MOSCOW, February 15 - RAPSI. The US Department of Justice (DOJ) announced Thursday that Transocean Deepwater Inc., the largest offshore drilling contractor in the world, has pleaded guilty to its role in the massive 2010 oil spill that had devastating environmental consequences for the Gulf of Mexico.
Transocean specifically pleaded guilty to having negligently failed to properly investigate indications that the oil and gas well known as Macondo Prospect had become insecure.
As a result, the corporation was ordered to pay $400 million in criminal fines and penalties, the second largest environmental recovery awarded in history. The largest such recovery remains the $4 billion judgment levied against BP Exploration and production Inc. over the same oil spill.
US Attorney General Eric Holder stated that most of the Transocean recovery will “go toward protecting, restoring, and rebuilding the Gulf Coast region.”
On April 20, 2010, a fire and explosion occurred on a Transocean drilling rig called Deepwater Horizon, while it was operating about 41 miles off the coast of Louisiana, according to a statement on the corporation’s website. Eleven of the crews 126 members were killed.

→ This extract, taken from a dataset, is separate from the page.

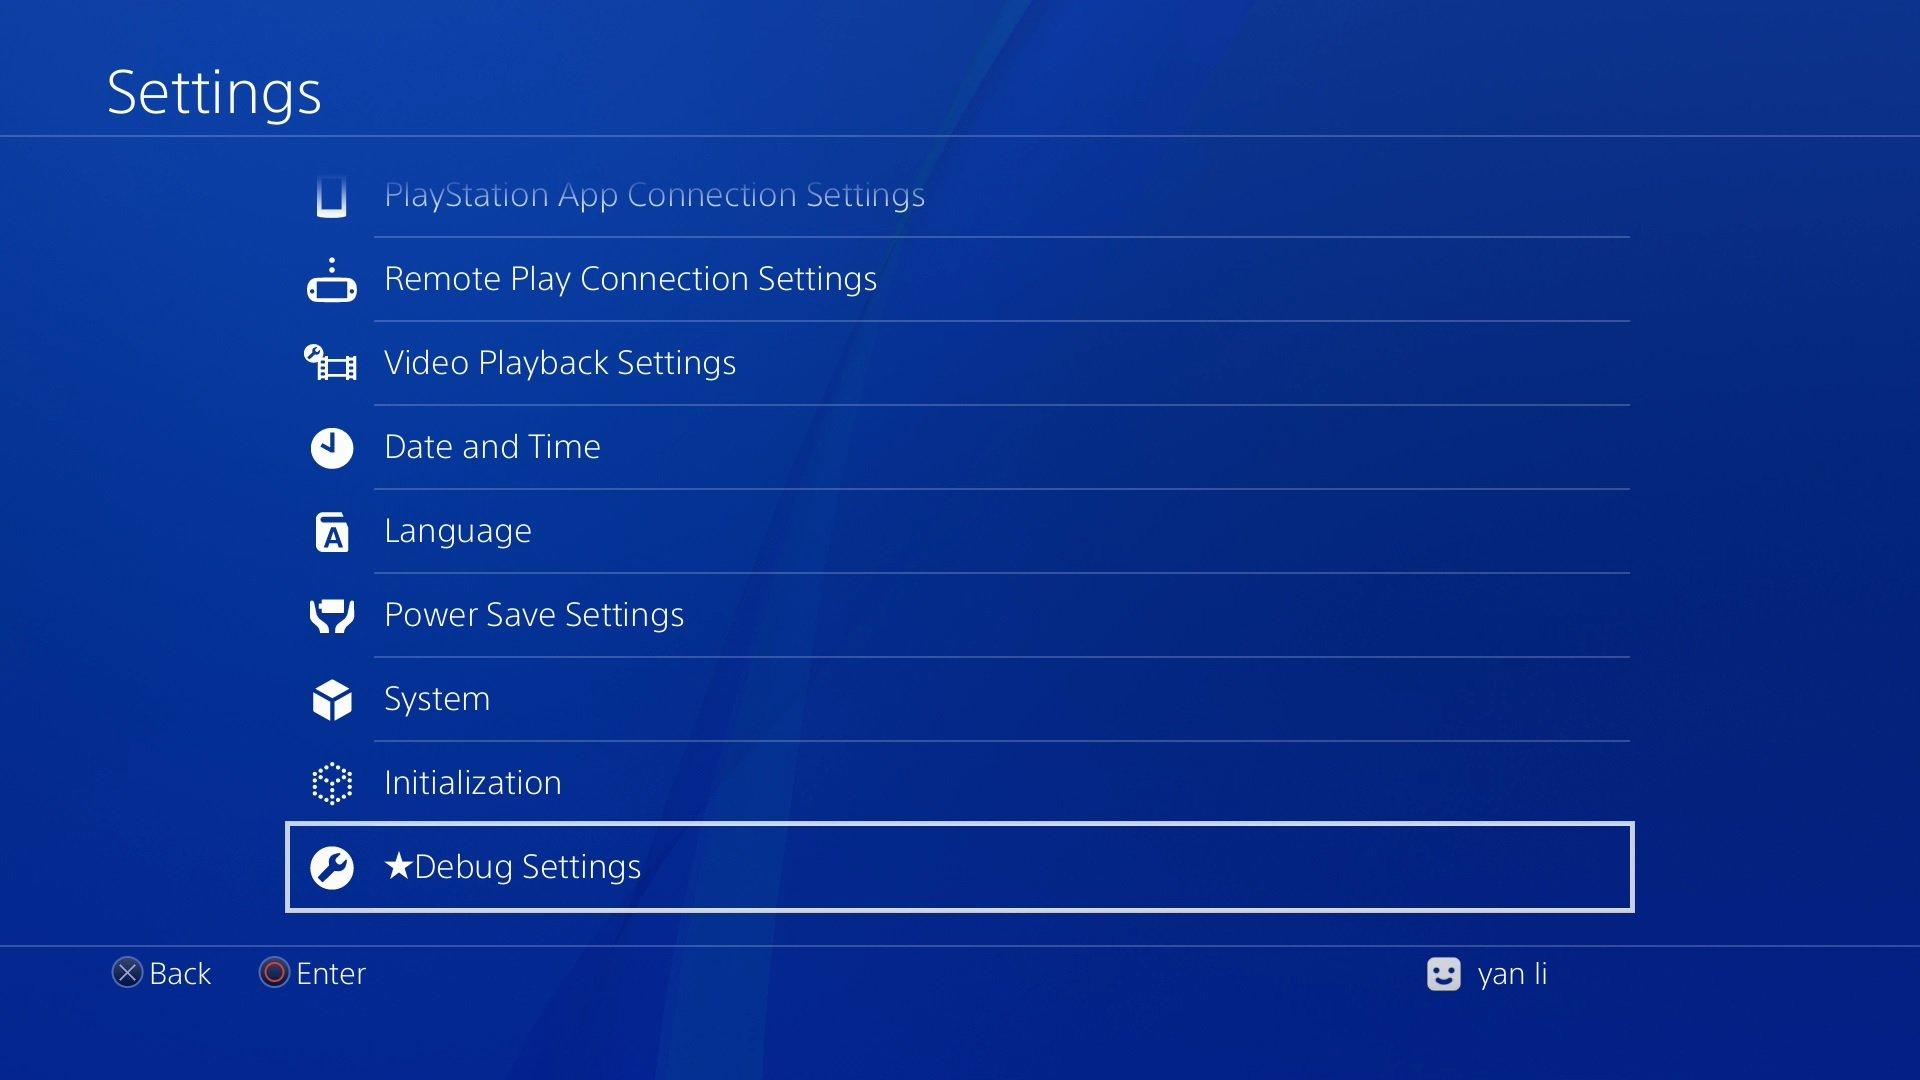 PS4 Debug Settings

In addition to these casualties, the local environment was ravaged. In the four months it took to plug the oil leak, approximately five million barrels of crude oil spilled into the Gulf.
In the DOJ statement, Assistant Attorney General Lanny A. Breuer lauded the guilty plea for the closure it will bring to the crisis: “The Deepwater Horizon explosion was a senseless tragedy that could have been avoided. Eleven men died, and the Gulf’s waters, shorelines, communities and economies suffered enormous damage. With today’s guilty plea, BP and Transocean have now both been held criminally accountable for their roles in this disaster.”
Transocean was sentenced to five years of probation as well.